How are you using glm-4.5? Are you consuming the api or running something like glm-4.5 air locally?

reissbaker 11 hours ago
I run a privacy-focused inference company, Synthetic [1], and I use our API of course :P I actually like GLM-4.5 enough that it's currently our default recommended model for new users. But yes, otherwise I'd use the official zai API most likely, or Fireworks. GLM-4.5-Air is quite good for a local model but GLM-4.5 is better; up to you if the tradeoff is worth it — there's definitely value in the data not ever leaving your machine, but it's not going to be as strong of a model.
1: https://synthetic.new
- fariszr 5 hours ago
  
  What makes your service especially privacy friendly?
  I think if you are striving for full privacy, you should implement the secure enclave idea presented by ollama, it makes the entire pipeline fully encrypted, I'm waiting for an actual provider to finally implement this.
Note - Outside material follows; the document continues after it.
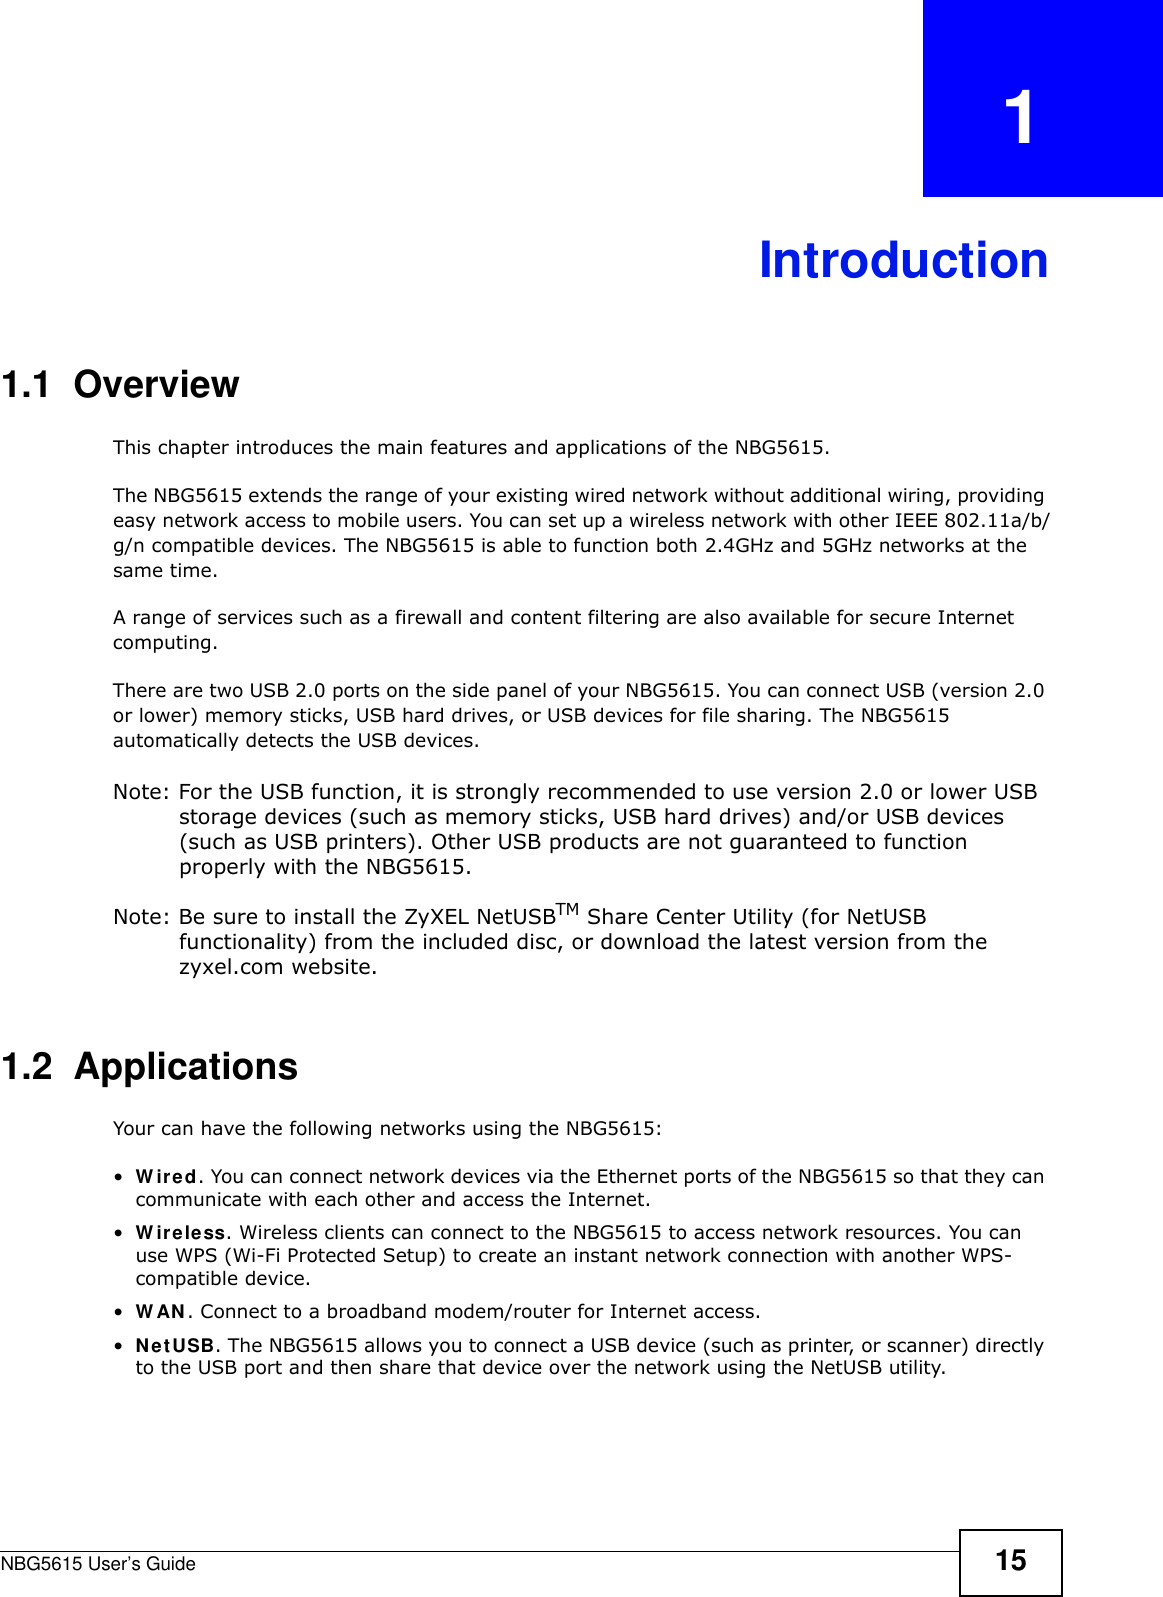 NBG5615 User’s Guide 15CHAPTER   1Introduction1.1  OverviewThis chapter introduces the main features and applications of the NBG5615.The NBG5615 extends the range of your existing wired network without additional wiring, providing easy network access to mobile users. You can set up a wireless network with other IEEE 802.11a/b/g/n compatible devices. The NBG5615 is able to function both 2.4GHz and 5GHz networks at the same time.A range of services such as a firewall and content filtering are also available for secure Internet computing. There are two USB 2.0 ports on the side panel of your NBG5615. You can connect USB (version 2.0 or lower) memory sticks, USB hard drives, or USB devices for file sharing. The NBG5615 automatically detects the USB devices. Note: For the USB function, it is strongly recommended to use version 2.0 or lower USB storage devices (such as memory sticks, USB hard drives) and/or USB devices (such as USB printers). Other USB products are not guaranteed to function properly with the NBG5615.Note: Be sure to install the ZyXEL NetUSBTM Share Center Utility (for NetUSB functionality) from the included disc, or download the latest version from the zyxel.com website.1.2  ApplicationsYour can have the following networks using the NBG5615:•W ired. You can connect network devices via the Ethernet ports of the NBG5615 so that they can communicate with each other and access the Internet.•W ireless. Wireless clients can connect to the NBG5615 to access network resources. You can use WPS (Wi-Fi Protected Setup) to create an instant network connection with another WPS-compatible device.•W AN. Connect to a broadband modem/router for Internet access.•NetUSB. The NBG5615 allows you to connect a USB device (such as printer, or scanner) directly to the USB port and then share that device over the network using the NetUSB utility.

  https://ollama.com/blog/secureminions
  
  5 replies →
- throwdbaaway 5 hours ago
  
  You support logprobs, that's wonderful! Fireworks, Synthetic, (ik_)llama.cpp, now I have a quorum.
- azinman2 9 hours ago
  
  I’m curious for your service, if it’s centered around privacy, why is the data stored for 14 days at all? My understanding with fireworks is that it’s 0 logging — nothing to store. To me that’s private.
  
  1 reply →
- mrtesthah 7 hours ago
  
  Amazing! So I’m assuming that because it’s privacy focused, you accept payment in cryptocurrencies like Monero and Zcash?
  
  1 reply →
sagarpatil 10 hours ago
Not OP. Chutes.ai charges $0.20 per 1M tokens. I don’t think it uses caching though because I ended up burning $30 in an hour or two. I had to move back to Claude Code.
- esafak 10 hours ago
  
  Caching makes price comparisons hard. Does anyone have tips?